Traditional protocol calls for that placement, since Saudi Arabia hosts next year’s G-20 summit in Riyadh. But Mr. Trump went a step further, hosting the crown prince at a breakfast Saturday and showering him with accolades for his “spectacular job” of ushering the Saudi kingdom through a “revolution” of political and economic reform.

Part of the tension between two competing visions at the summit stems from countries adjusting to an American president who doesn’t play the traditional role for such gatherings of leaders of the post-war order, based on democratic principles including human rights, and free markets. 

“The challenge for U.S. allies and more like-minded countries is that Donald Trump undermines this [liberal] order by constantly crossing an enemy line between the democracies and totalitarian states,” says Mr. Kazianis. “He doesn’t want to be a dictator, but he says and does things that suggest he doesn’t understand what it means to be the American president on the world stage.”

‘Democracy is you’

Some leaders from the Western wing cautioned against blaming particular leaders to explain today’s upheaval and backlash against globalization in established democracies.

Asked at a press conference to respond to Mr. Putin’s pronouncement of the liberal order’s demise, French President Emmanuel Macron was matter of fact. “If one looks at the world we live in, one can’t avoid seeing that there is a crisis in our democracies” and in capitalism, he said.

Yet while the “illiberal” governing options might give the impression of being more efficient, Mr. Macron said, the stability of those regimes “rarely lasts.”  

Having faced his own populist challenge from the yellow vest movement, the French president said, “We have to reform, but at the same time we must never lose what has been at the foundation of our modern governance.” The strength of the democratic system is that it puts the individual “at the top,” Mr.
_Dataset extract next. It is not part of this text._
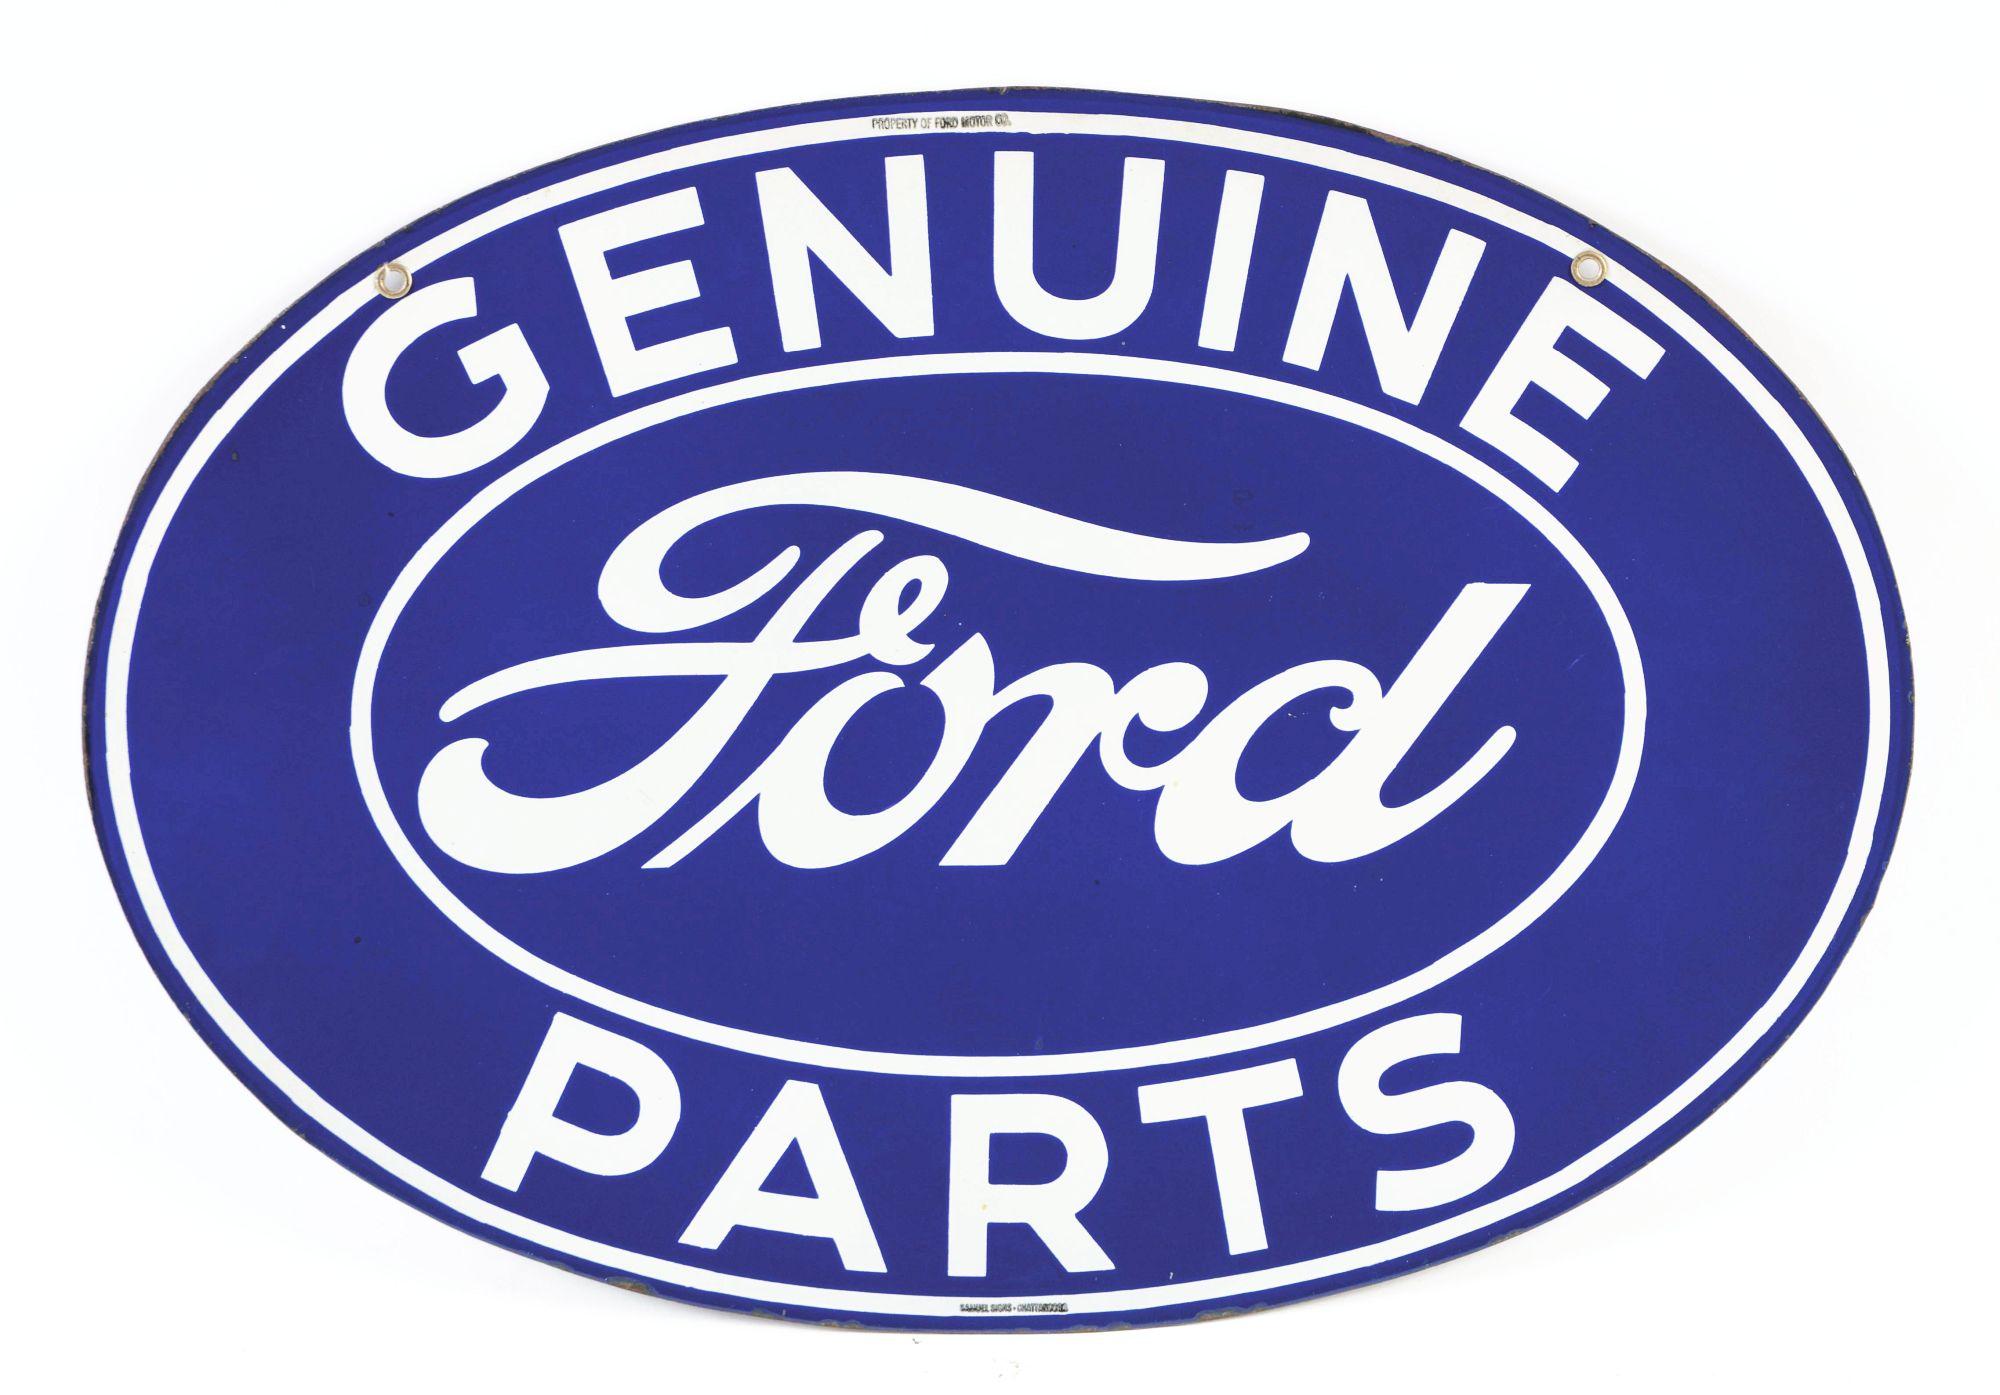 Ford Genuine Parts Porcelain Oval Sign.

Macron added, and “our challenge as leaders is convincing the population that in the end that democracy is you.”

That lofty analysis was a reminder of why some Osaka participants said they viewed the clashing views on display at the summit as a strength of the G-20 approach.

“What makes G-20 so important and what this summit has demonstrated in many ways is that this is one of the few forums we have in the world that bring China and Russia into the discussion of ideas with what we traditionally call the West,” says one Japanese diplomat, who requested anonymity to discuss the summit more freely. “And then there are the countries that don’t necessarily identify with either of the sides, but they have a say, too.”

Calling the number 20 “important” – not too unwieldy for genuine discussion, like the United Nations can be, not too much a like-minded group, like the Group of 7 – the diplomat said the summit proved its worth. His evidence? That leaders found some compromise on controversial topics like climate change and reform of the World Trade Organization, while forging new ground on women’s empowerment, on an “Osaka framework” for a global free flow of data, and on reducing marine plastics.